I’m just going to skip right to the recipe, since I know you’re probably drooling on your screen/keyboard right now. But let me just say that these gluten-free, dairy-free, refined-sugar-free beauties are LEGIT. Like, make two batches at once, because they’ll be gone in a day.
Ok, let’s get to it!
ORANGE CREME MUFFINS
Prep Time: 5 min
Bake Time: 25 min
Total TIme: 30 min
Serves: 6
INGREDIENTS
- 1.5 C GF flour (I love using Bob’s Red Mill) 
- 1.5 tsp baking powder 
- 1/3 C coconut sugar 
- 2 pinches pink salt 
- 3 scoops Vital Proteins collagen peptides (for extra protein) 
- 3/4 C orange juice (I love Trop 50 because it has less sugar) 
- zest of 1 orange 
- juice of 1/2 fresh orange (it just has a different “tang” to it, ya know?) 

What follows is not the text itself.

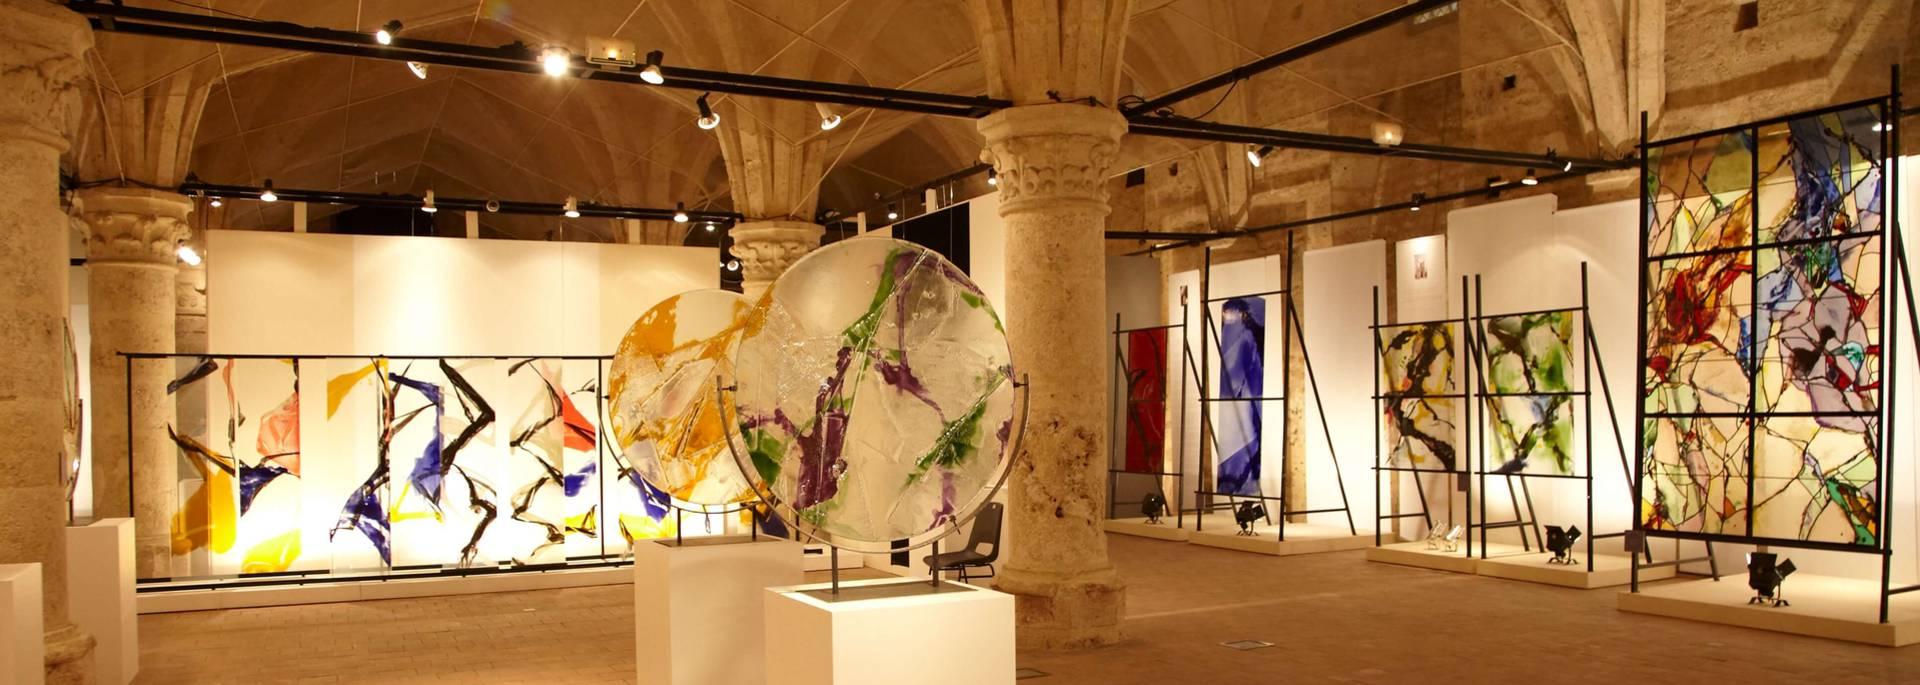 Exposition au sous-sol du Centre International du Vitrail à Chartres

- 1/3 C melted/cooled coconut oil (I use Carrington Farms because it’s already liquid) 
- 1 whole egg 
- 3/4 C Lakanto monk fruit sweetened powder sugar (use code FITNCLEAN for a discount!), reserved for glaze 
- juice of 1/2 orange, reserved 
INSTRUCTIONS
In a large bowl, whisk together coconut sugar and egg till combined and sugar is dissolved. Add in orange juice, zest, and coconut oil; whisk again. Add in dry ingredients, whisking till well combined and batter is thick but smooth. Pour into a prepared muffin tin. Bake at 350 F for 25 min or until a toothpick comes out clean. Allow to cool for 10-15 min. While they cool, whisk together reserved orange juice and powdered sugar till a smooth glaze forms. Dip each muffin top into the glaze and give it a little spin to create that “swirl”. Then ENJOY!
I hope you’ve all had an amazing Mother’s Day!